There has been a slowdown in the rate at which innovators are coming up with game-changing technologies. In particular, the link between innovation and productivity in the technological field has weakened as there are incidences of stagnation. It is important to note that the slowdown is attributable to the depletion of technological opportunities (Andrews, Criscuolo. and Gal 2016, p.24). However, counterarguments have been brought forth claiming that there are numerous opportunities in different industries that include genetic oil engineering, computing, and other sectors. Individuals born before the 1970s saw significant technological innovations taking place. In particular, it was during this period that people witnessed the first flight, advancements in the building that saw skyscrapers take shape, the moon landing, suspension bridges, interstate highways, radio and television, atomic bombs, and antibiotics. However, the people conceived after 1970 managed to see inventions such as the personal computer, nanotechnology, biotechnology, search engines, cell phones, and web browsers. It is important to note that the recent technological breakthroughs have resulted in the evolution in technology whereby air travel has become affordable, hospital treatment has advanced, car driving has become safer, and communication has become more reliable. The problem arises when examining whether inventions such as social media and mobile phones are convincing to be regarded as game-changing technologies. Besides, the progress made by the previous human generations makes the current innovations to appear predictable. On the other hand, investment in Research and Development (R&D) has declined which has, in turn, led to fewer game-changing technology innovations. In a move to explain the few game-changing technologies, the paper lists stagnancy in science, capital markets are cold, inadequate support from the government, stringent patenting regulations, virtual reality, and importance of patience as the primary reasons.
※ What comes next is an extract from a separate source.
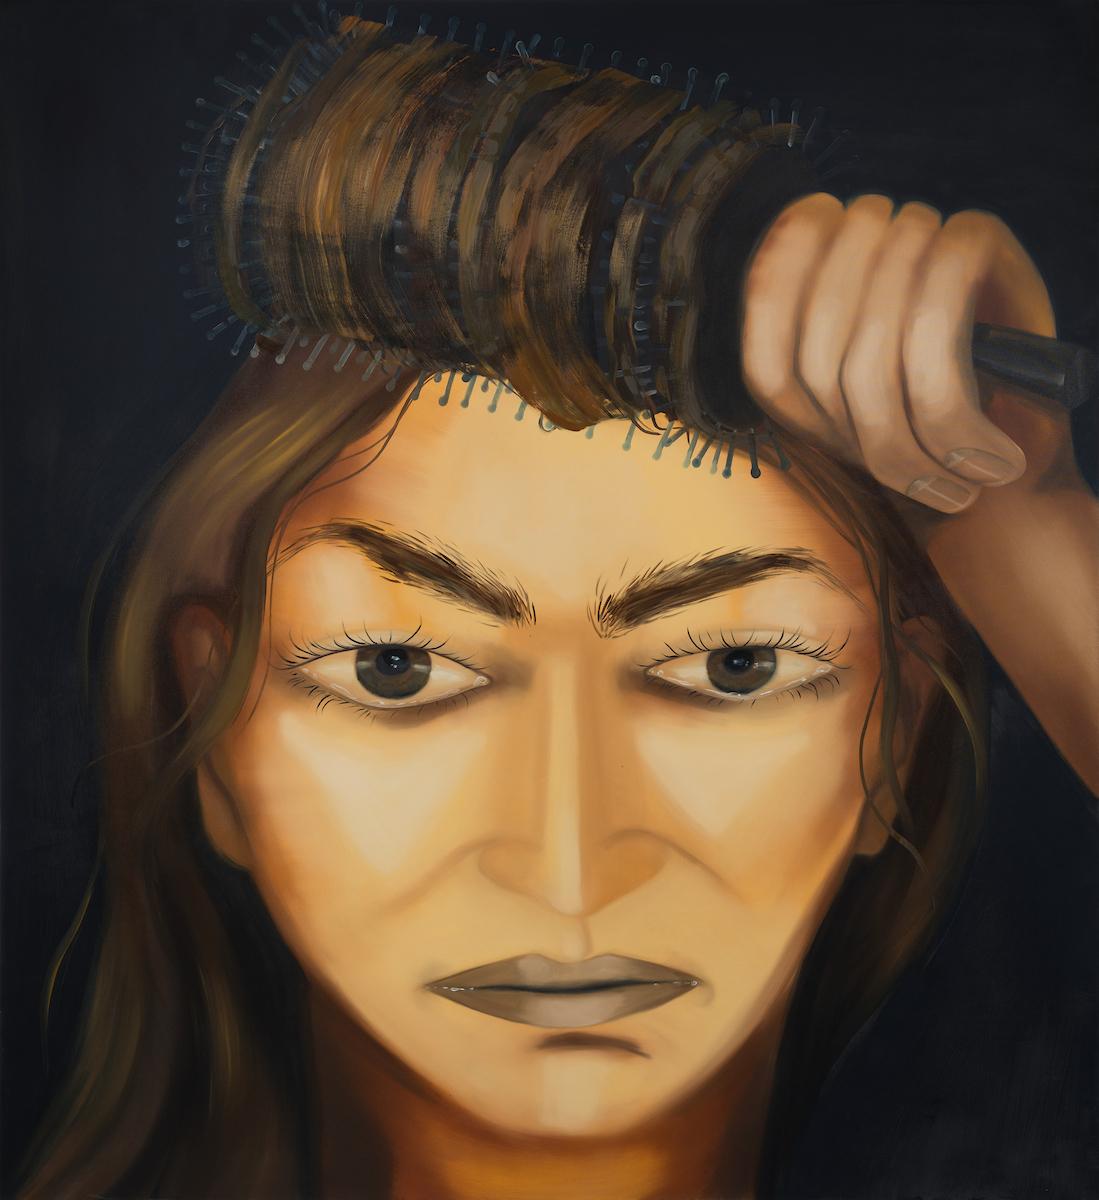 Karolina Jabłońska. <em>combing hair II</em>, 2021. Oil on canvas, 72 7/8 x 63 inches (185.1 x 160 cm)

Thus, the world must get used to a slower growth rate.

Reasons for the Slow Growth Rate

Stagnancy in Science

The propositions by Isaac Newton contributed significantly to the Industrial Revolution and other inventions made in the 18th and 19th

Centuries. Moreover, the light shed on the quantum behavior in physics and chemistry paved the way for microelectronics, the internet, lasers, space travel, radio and television, and atomic energy technologies. On the other hand, the 21st century is focusing on nanotechnology, human genomics, and solar energy to set the ground when it comes to game-changing technological innovations (Gordon 2015, p.54). However, the advancements of the 21st century rely on the old scientific reasoning which means that there will be no significant difference from the existing technologies. On the other hand, the reliance on scientific reasoning has led to the decline in productivity which has been dismal in the past decades. The world needs to acknowledge that technological slowdown is real as America has witnessed a sluggish progress in innovations since 2004 which has been lower than that recorded in the 1800s (Cette, Fernald and Mojon 2016, p.18). Further, the benefits derived from the use of applications, social media, and cloud computing could be deceiving people are making progress. Hence, the summation of the growth that has resulted from digital advances summed up under one roof clearly shows that technological growth is inadequate and there is the need for more progress.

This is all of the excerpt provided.